* **Brief**
Your reply should set down word for word each line below from the one with "Yummy Epic Burger." through the final line, both included, but none of the pictures.

* **Information shown**
[Start of Attachment]

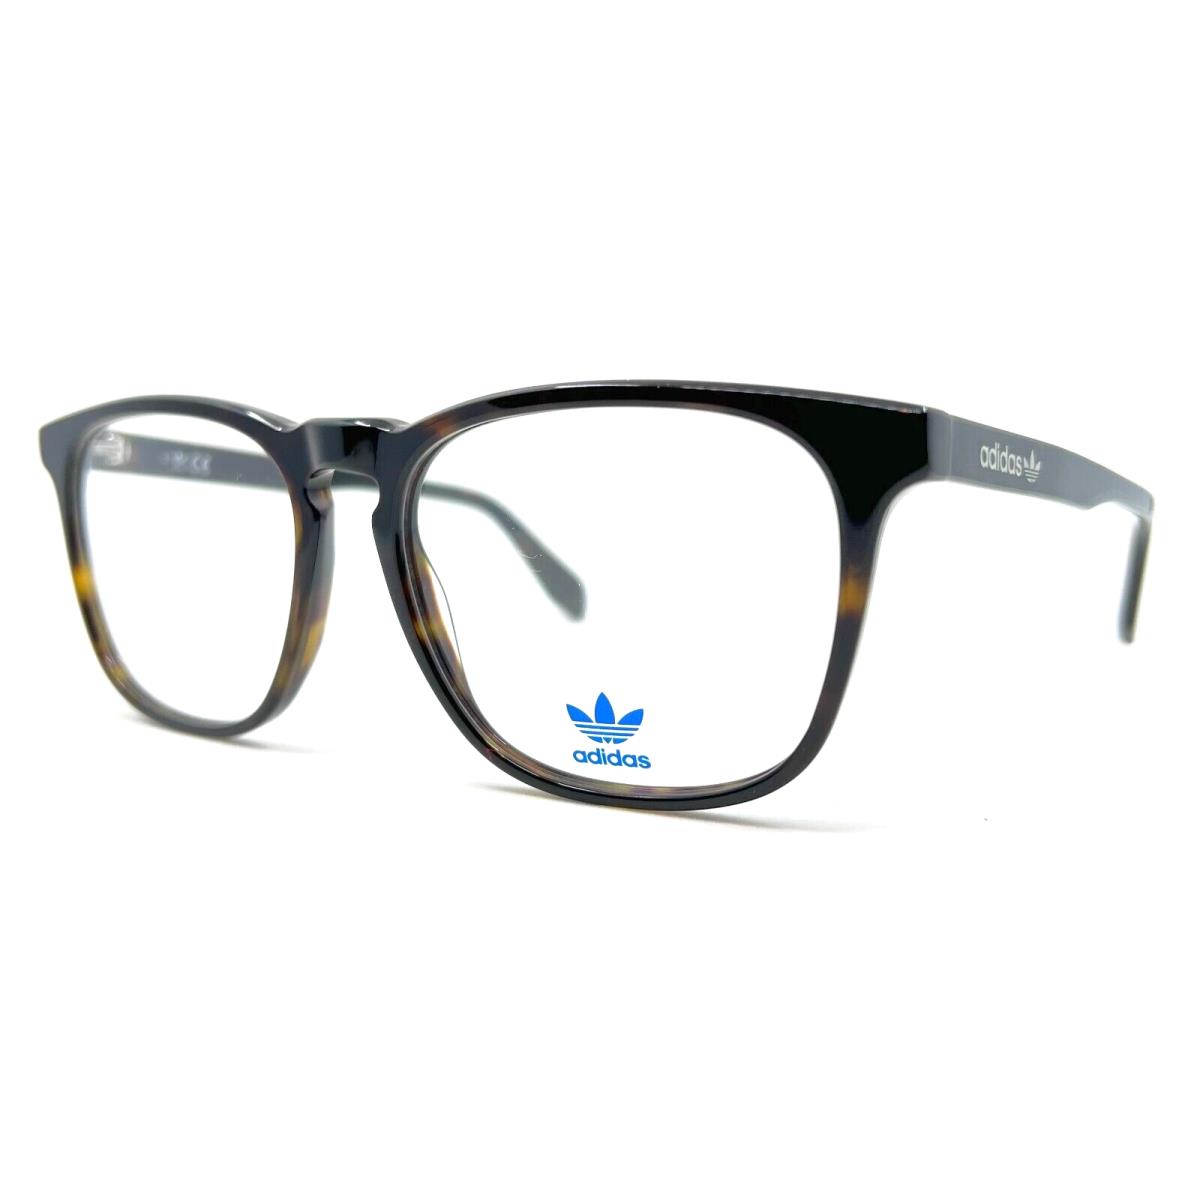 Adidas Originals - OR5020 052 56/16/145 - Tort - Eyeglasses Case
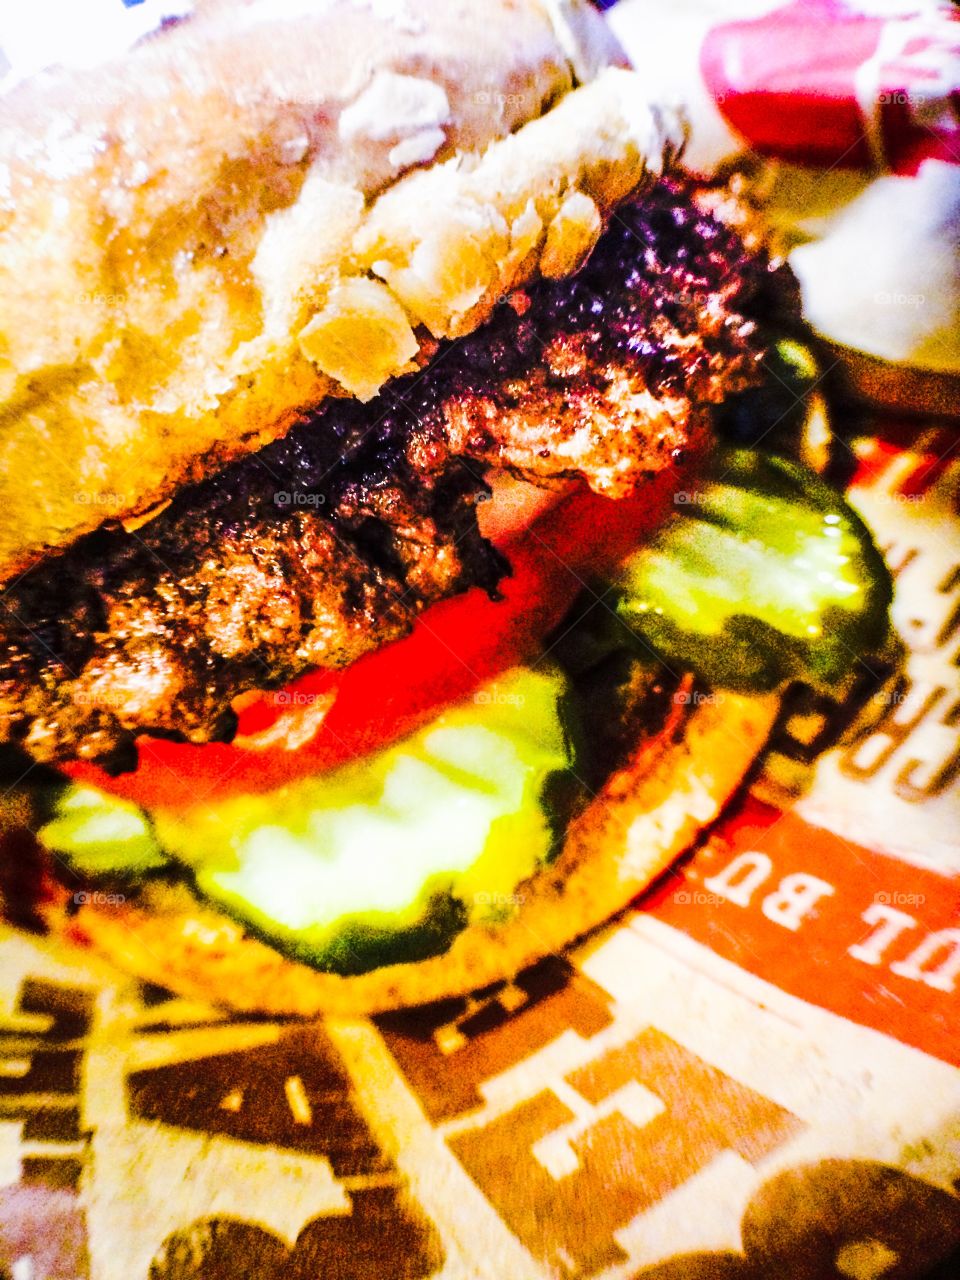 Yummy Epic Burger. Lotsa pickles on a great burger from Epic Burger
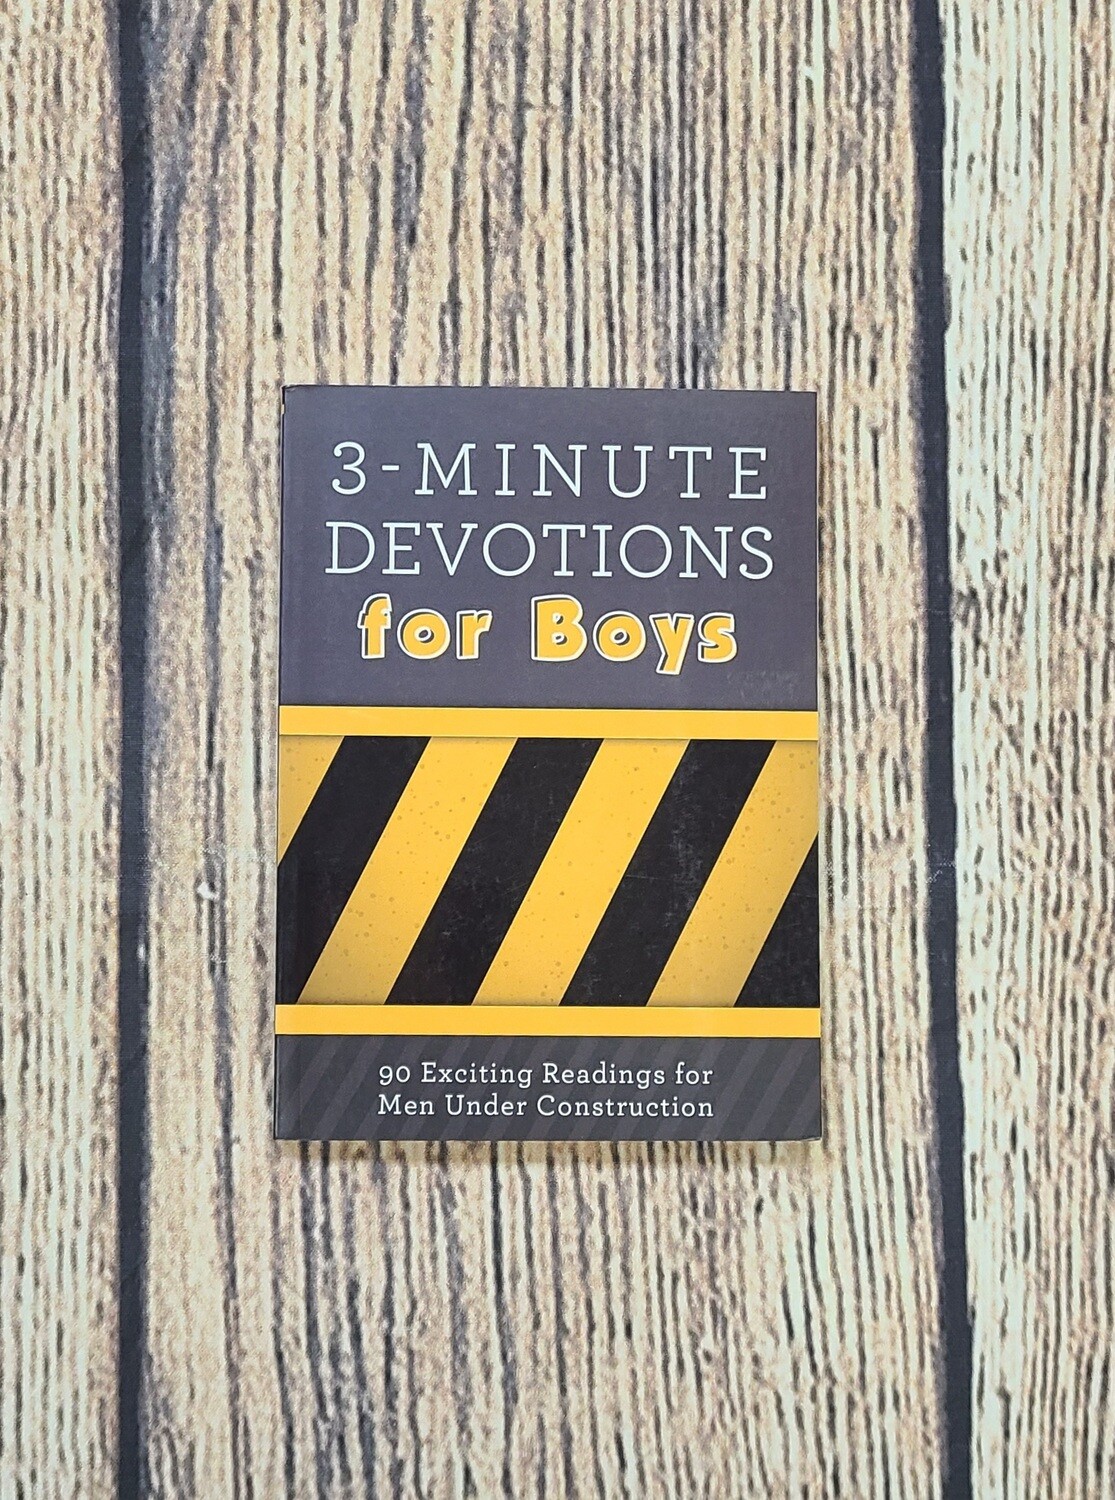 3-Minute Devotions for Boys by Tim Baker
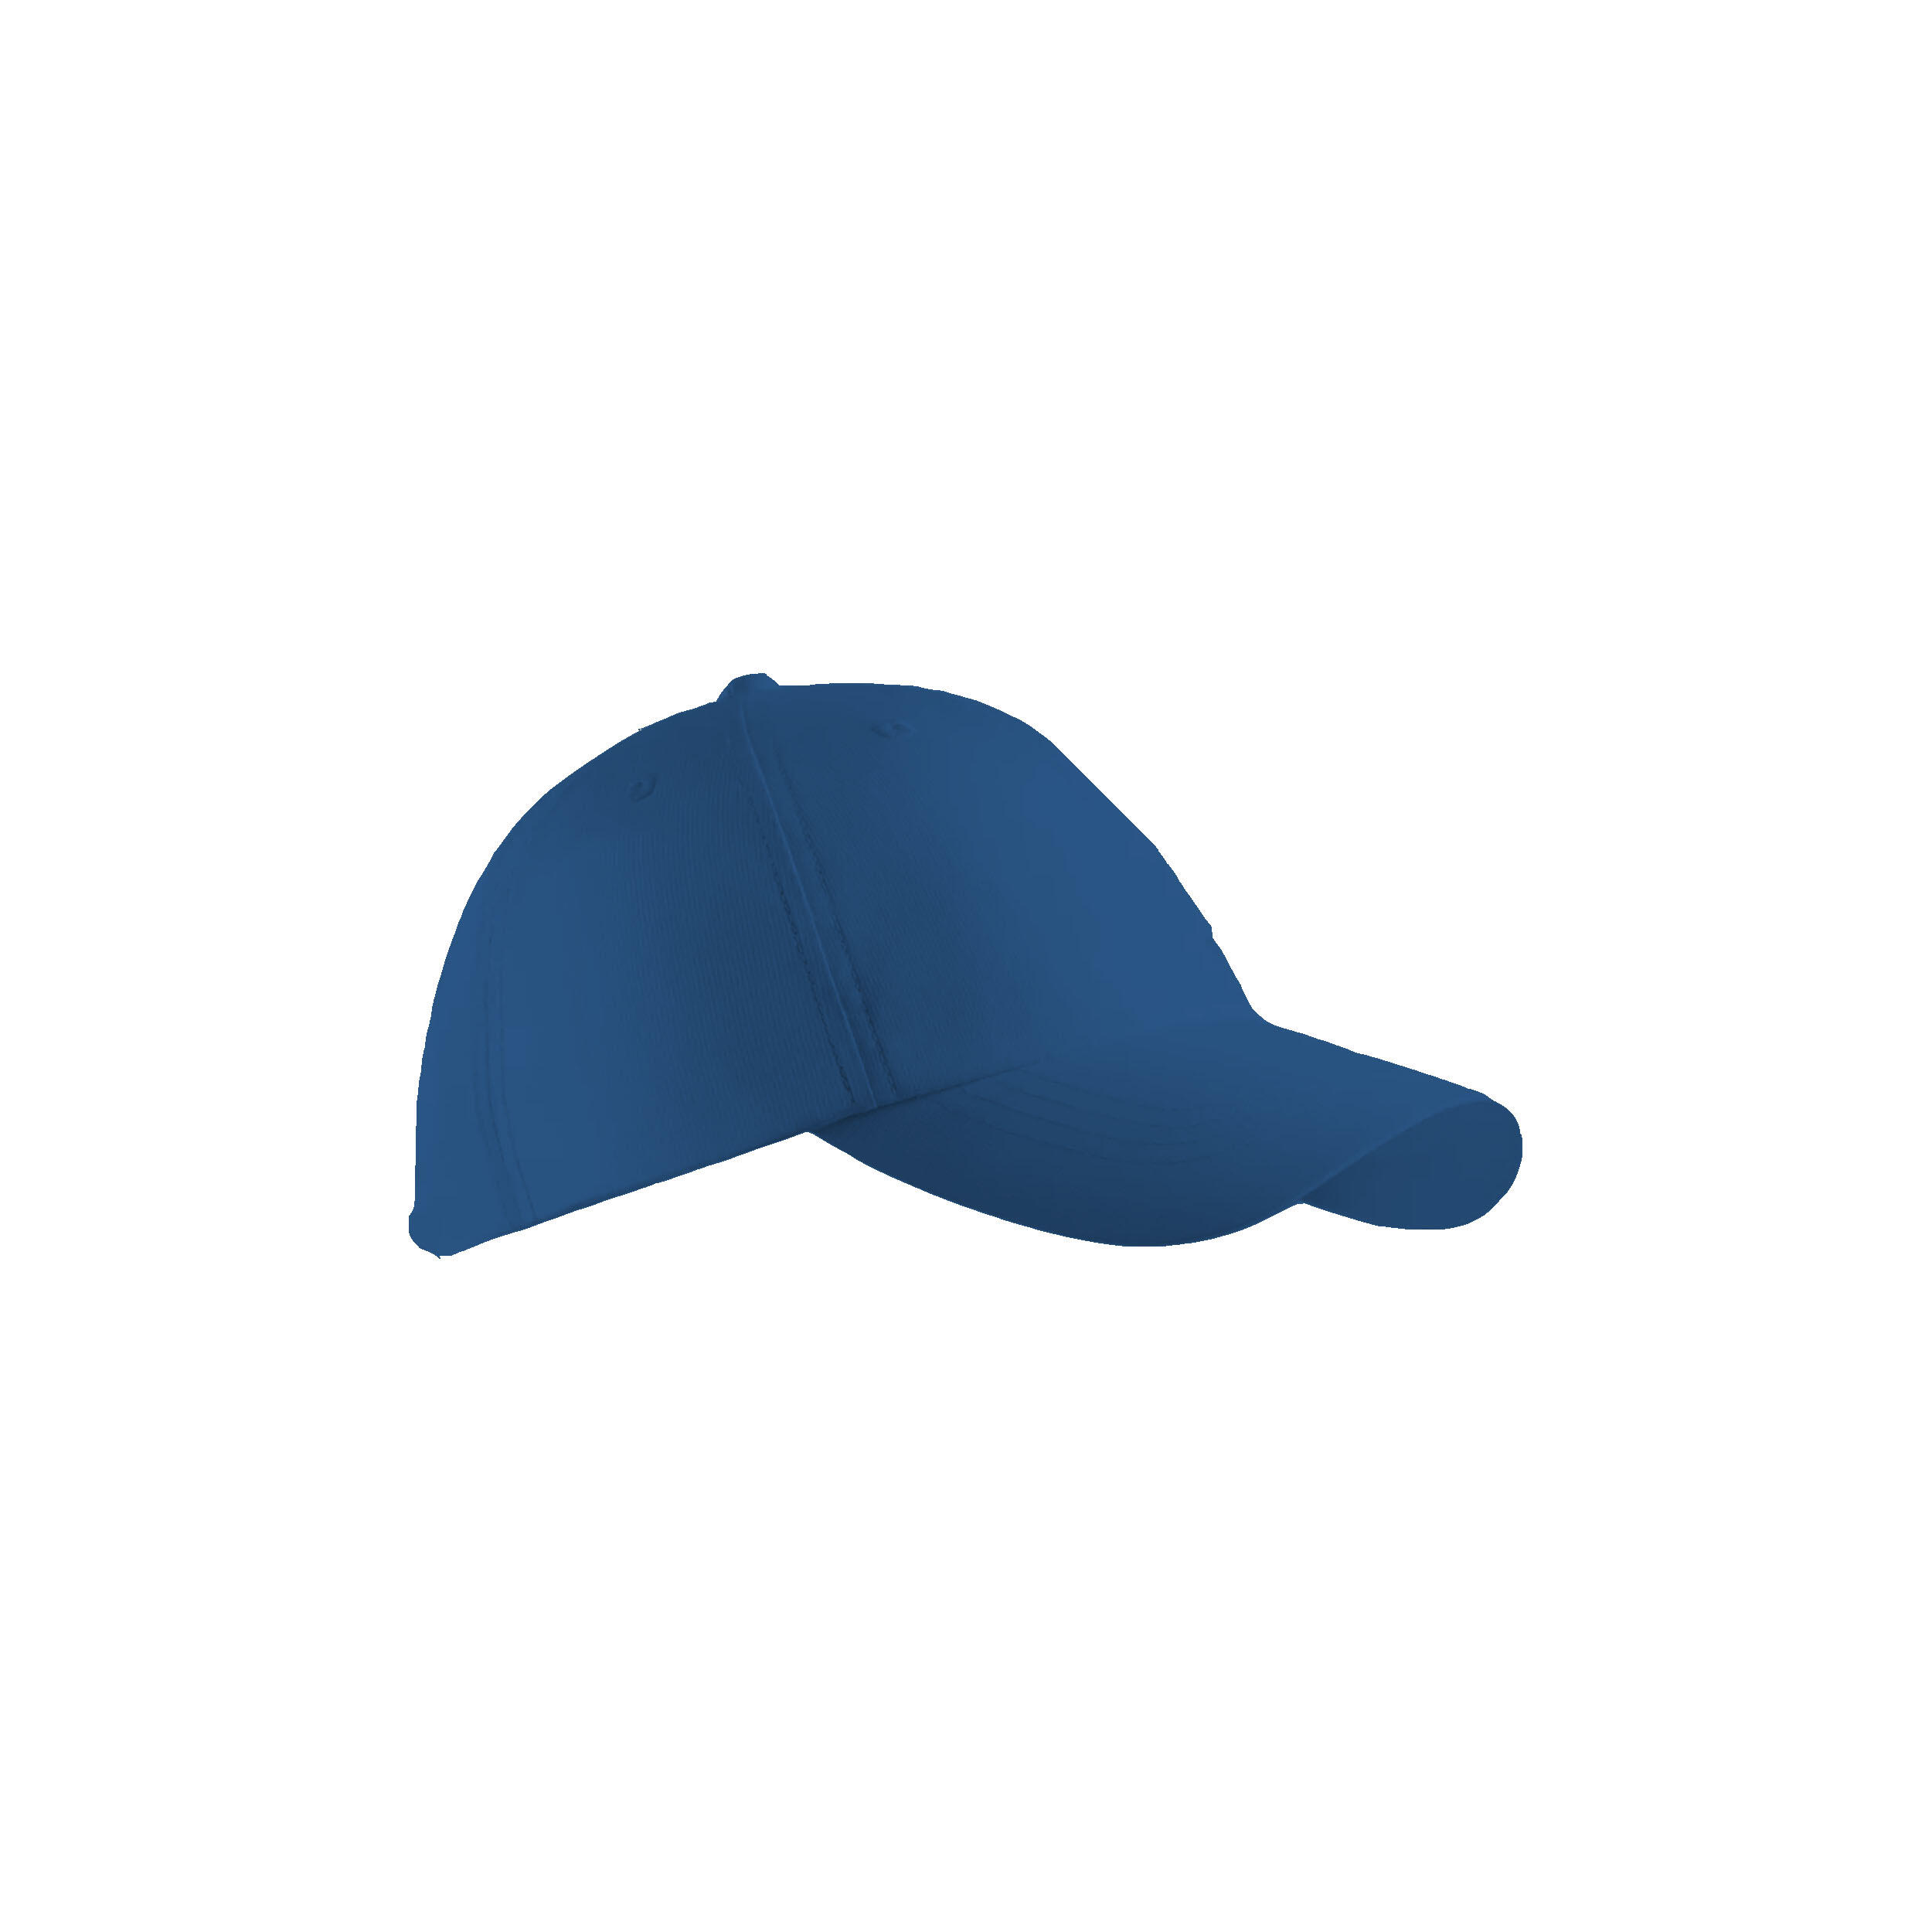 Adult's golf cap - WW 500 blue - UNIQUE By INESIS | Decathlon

[End of Attachment]

* **Written answer**
 Yummy Epic Burger. Lotsa pickles on a great burger from Epic Burger
 3-Minute Devotions for Boys by Tim Baker
 Adult's golf cap - WW 500 blue - UNIQUE By INESIS | Decathlon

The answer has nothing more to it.